Dans l’étude d’impact, le ministère dénombrait 49.846 praticiens hospitaliers (effectif physique) sur le territoire métropolitain et dans les départements d’outre-mer, dont 44.305 PH temps plein (89%) et 5.541 praticiens hospitaliers temps partiel (11%).
Les PH sont astreints à des obligations de service qui s’élèvent à 10 demi-journées hebdomadaires pour les PH à temps plein et entre 4 à 6 demi-journées PH à temps partiel, est-il rappelé dans l’étude d’impact. Les PH à temps plein ne sont pas autorisés à réaliser une activité extérieure à l’établissement (exercice en ville).
Cette refonte du statut de praticien hospitalier d’ici 2020 avait été annoncée par l’exécutif en septembre 2018, dans le cadre de la stratégie "Ma santé 2022" (cf dépêche du 18/09/2018 à 14:32). Le ministère avait alors précisé que l'entrée dans la carrière serait simplifiée, avec une suppression du concours de PH.
"Le périmètre des catégories de personnels concernés par ces mesures nécessite de procéder à une consultation de l’ensemble des organisations représentatives des personnels et des représentants des employeurs", selon l’étude d’impact.
L'article donne à l’exécutif un an pour prendre l’ordonnance à compter de la publication de la loi. Le projet de loi de ratification devra être déposé dans un délai de 3 mois suivant cette publication.
La ministre des solidarités et de la santé, Agnès Buzyn, a précisé que les concertations préalables avec les acteurs concernés devraient s'achever "avant l'été".
Elle a justifié la suppression du concours actuel, soulignant qu'il s'agissait d'un "faux concours".

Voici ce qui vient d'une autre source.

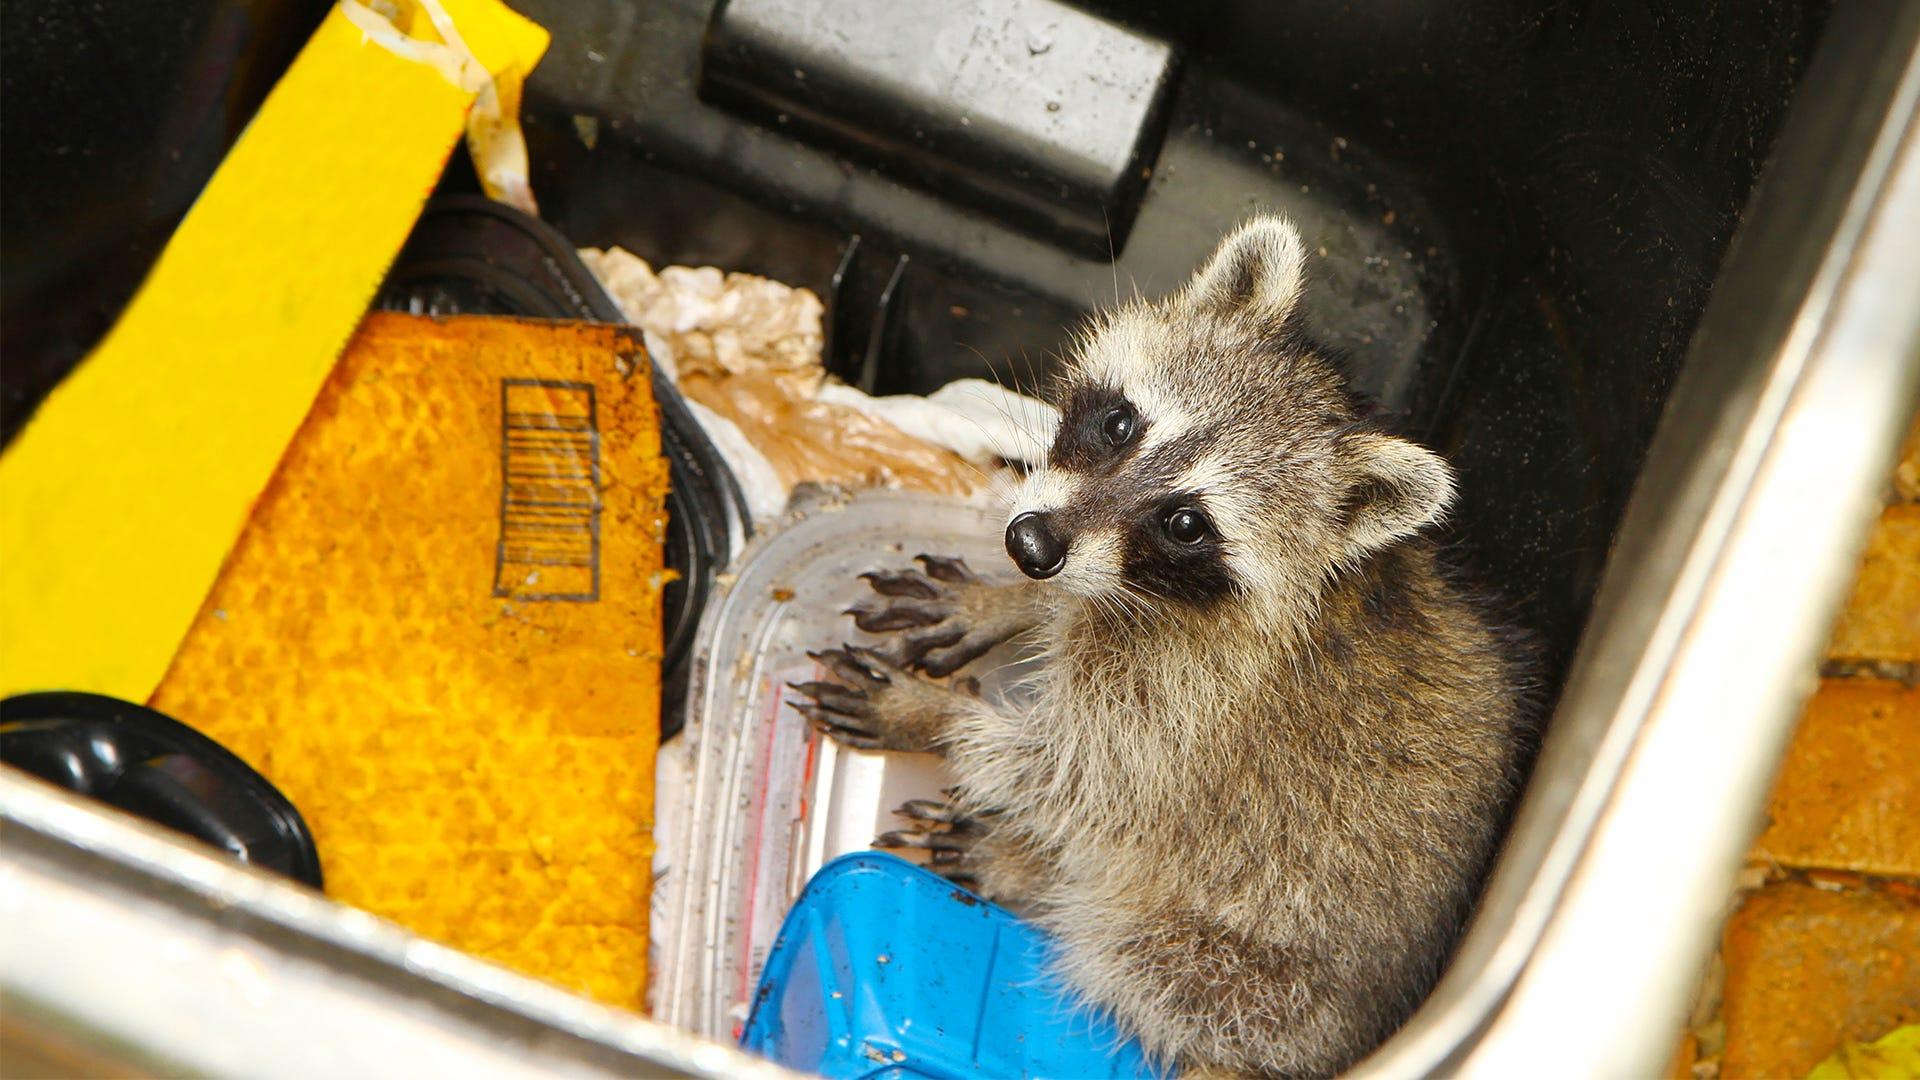 Where Do Raccoons Live?
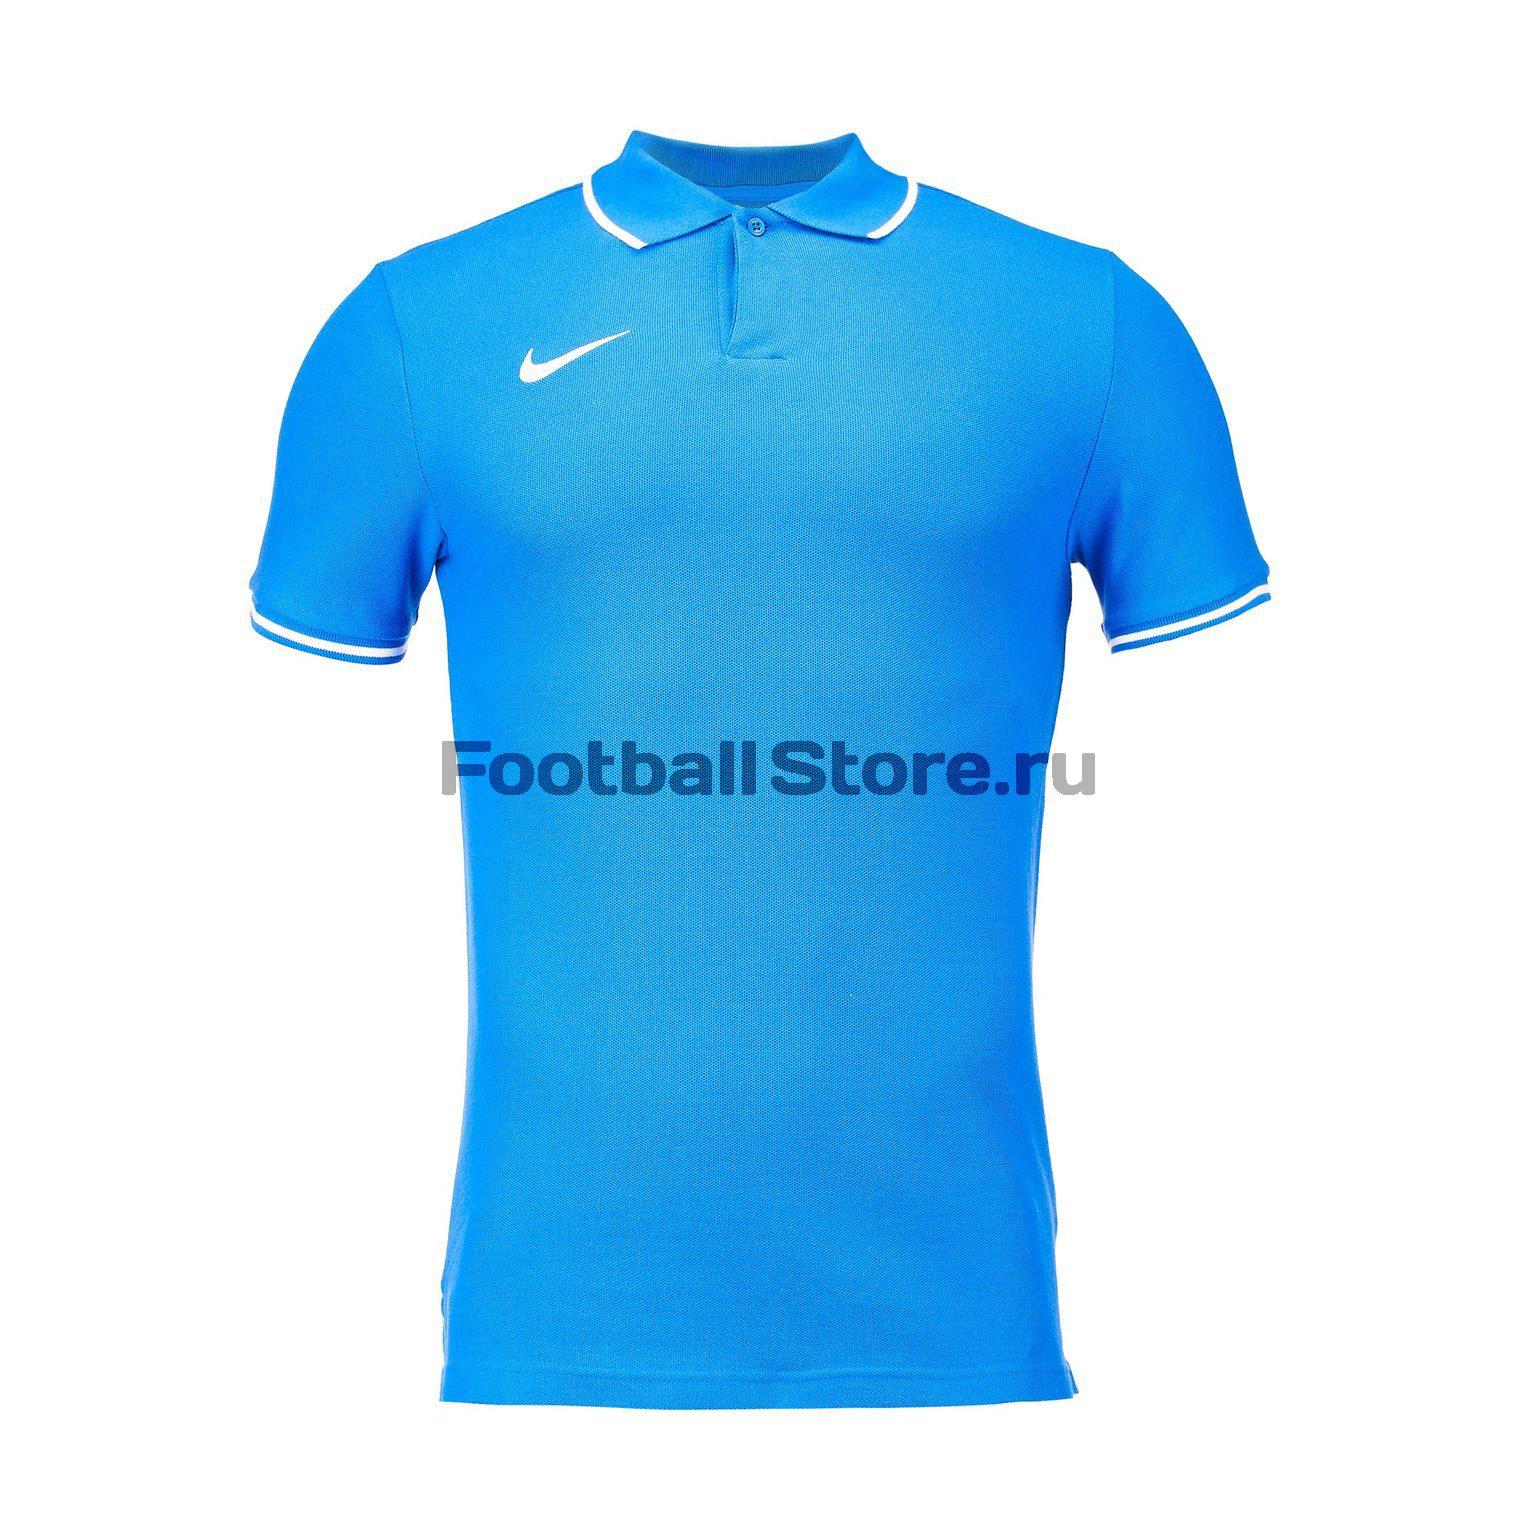 Поло Nike M Polo Club19 SS AJ1502-463 футболка хлопковая nike tee club19 ss aj1504 451

"On regarde le CV des gens, leur formation, leurs titres et travaux. Cela mobilise énormément de temps pour 95% d'admis. Donc on préfère regarder les titres et travaux sans mobiliser le ban et l'arrière-ban des PH pour faire passer ce pseudo-examen, on supprime le concours mais on garde une période probatoire d'un an pour s'assurer que ceux que l'on recrute ont bien les compétences et s'intègrent dans l'équipe", a expliqué Agnès Buzyn.
Le statut unique mixte permettra d'avoir une activité en dehors de l'hôpital, a rappelé la ministre. "On a tellement de mal à recruter des anesthésistes par exemple [...]. On se dit qu'on a peut-être plus de chances d'en recruter en leur permettant d'exercer une journée par semaine en clinique pour mettre du beurre dans les épinards, tout en travaillant quatre ou cinq jours à l'hôpital", a développé la ministre.
L'objectif est d'éviter que des médecins "aient à choisir définitivement, pour le reste de leur vie, entre un exercice libéral et hospitalier, pour ceux qui choisiraient de s'inscrire dans un exercice mixte", a-t-elle souligné.
Un exercice mixte pour les professions paramédicales
Les députés ont par ailleurs adopté avec l'aval du gouvernement et à la quasi-unanimité des amendements du groupe LREM et de plusieurs députés Modem autorisant les professions paramédicales à avoir un exercice mixte, en permettant aux établissements de recruter sous statut des fonctionnaires à temps non complet.
Les masseurs-kinésithérapeutes oeuvrant dans la filière de rééducation sont les principaux visés, a souligné le député Cédric Isaac-Sibille (Modem, Rhône), qui défendait la mesure.